With a resistance layer in hand, various techniques are available to identify optimal movement pathways, as well as movement pinch points that are priorities for management intervention (Rudnick et al. 2012). Least-cost path modelling has been commonly used for this purpose in the past (Rouget et al. 2006; Poor et al. 2012). Newer methods are also being employed, such as circuit theory, in which animal movements are simulated as an electric current in a resistance network (Pelletier et al. 2014; Proctor et al. 2015).
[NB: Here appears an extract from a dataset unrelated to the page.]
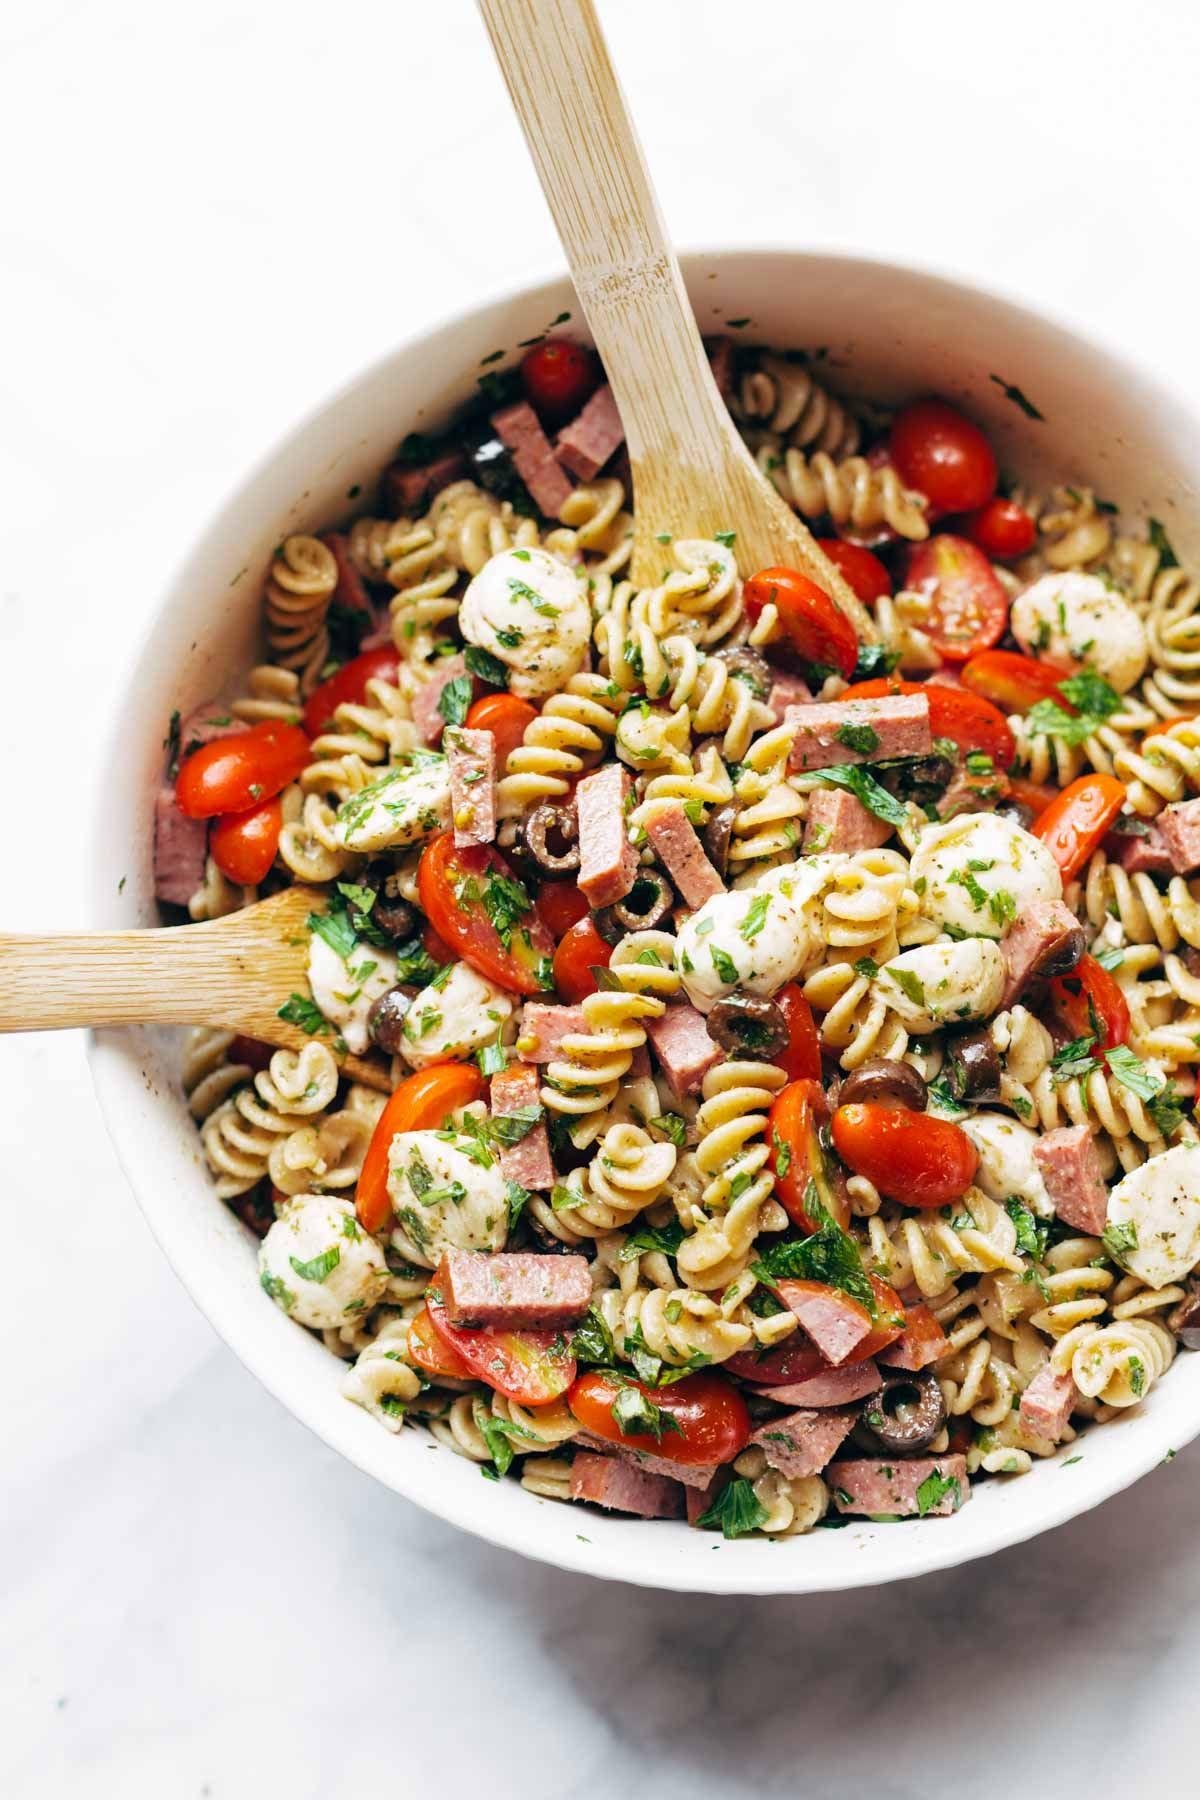 Easy Pasta Salad Recipes  Best Easy Italian Pasta Salad Recipe

The development of a resistance layer invariably involves simplifications because detailed information on movement behaviour is difficult to obtain and because there are practical limitations on model complexity. In most cases, the resistance layer provides only a coarse approximation of how organisms move through real landscapes (Rudnick et al. 2012). For many applications, such as the identification of critical movement bottlenecks, this may suffice.
Landscape models are also used to explore the effects of landscape change on population dynamics. Some applications focus on individual species and can be considered enhanced versions of the population models we discussed earlier. The purpose of adding landscape dynamics is to increase model realism. In other applications, the emphasis is on modelling landscape changes, with the aim of supporting land-use decision making. These types of models usually incorporate sub-models to track the effects of landscape change on selected output indicators. The sub-models used to predict focal species responses are typically fairly simple.
Landscape models are also used to estimate the minimum viable area of a species, representing the geographic correlate of minimum viable population size (Brito and de Viveiros Grelle 2004). These models are subject to the limitations of population viability modelling discussed earlier.
Finally, landscape models are used to predict the effects of climate change on populations. Most applications involve bioclimatic envelope models—a form of species distribution model—to predict range shifts under alternative climate warming scenarios. Less commonly, mechanistic models are used to investigate transitional processes. We will discuss these types of models in Chapter 9.